Cellulase KN could effectively transform the ginsenosides Re and Rg1 into F1. A scaled-up biotransformation reaction was performed in a 10 L jar fermenter at pH 5.0 and 50°C for 48 h with protopanaxatriol-type ginsenoside mixture (at a concentration of 10 mg/mL) from ginseng roots. Finally, 13.0 g of F1 was produced from 50 g of protopanaxatriol-type ginsenoside mixture with 91.5 ± 1.1% chromatographic purity.

Conclusion

The results suggest that this enzymatic method could be exploited usefully for the preparation of ginsenoside F1 to be used in cosmetic, functional food, and pharmaceutical industries.

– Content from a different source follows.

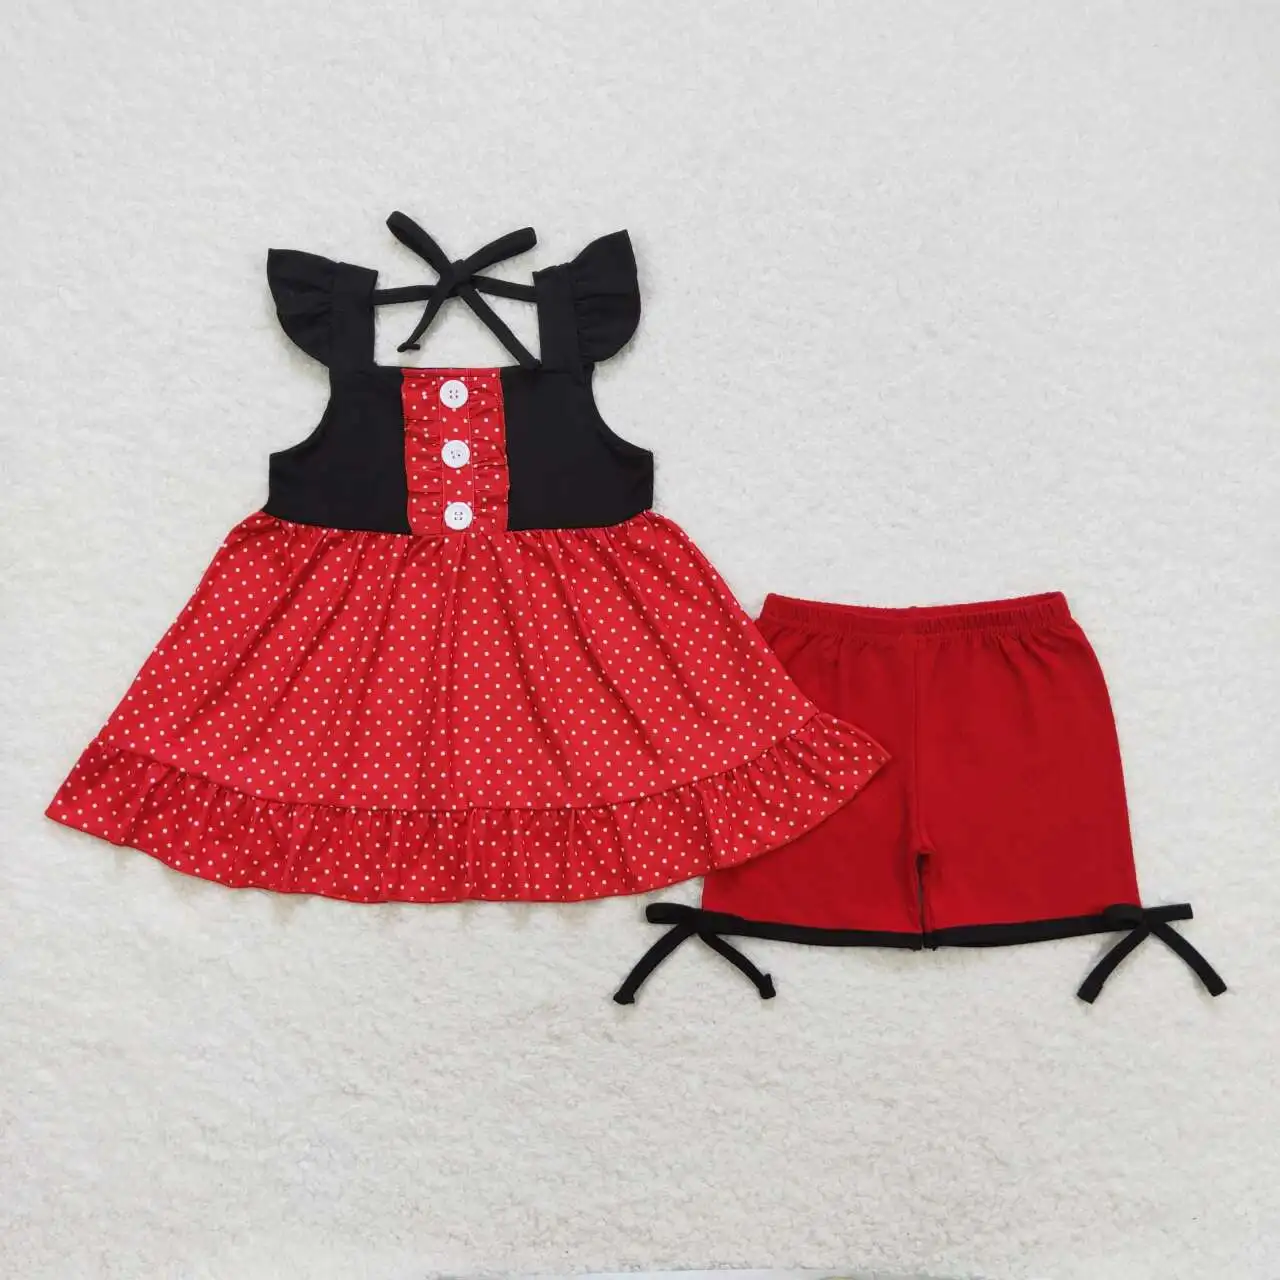 

Baby Girls red polka dot outfits summer clothing Toddlers wholesale boutique Baby Short Sleeves Top cotton Shorts Kids new sets

Keywords: biotransformation, Cellulase KN, ginsenoside, ginsenoside F1, mass production

1. Introduction

Ginseng, a well-known medicinal plant, has not only been used as a traditional medicine in East Asia for thousands of years, but has also gained recognition in the past decade in the West for its beneficial uses [1], [2], [3]. Many previous reports have shown that ginseng has extensive pharmacological and therapeutic utility. Ginsenosides, the major components of ginseng, appear to be responsible for the principal biological and pharmacological activities underpinning anticancer, antitumor, antiallergic, anti-inflammatory, and antioxidant effects [4], [5], [6], [7], [8], [9], [10]. Based on the structure of the aglycon and the dammarane skeleton, ginsenosides can be categorized as protopanaxadiol, protopanaxatriol (PPT), and oleanane saponins [11]. The PPT-type ginsenosides are further identified by the number of sugar moieties and the position of a glycosidic bond at the aglycon C6 and C20. After oral intake of ginseng, the major ginsenosides are hydrolyzed into the more active minor ginsenosides through human intestinal digestion, and are further absorbed into the blood. Therefore, conversion of the major ginsenosides, which account for > 80% of the total ginsenosides, to the highly active minor ginsenosides may have a significant impact on the pharmaceutical industry [4], [5].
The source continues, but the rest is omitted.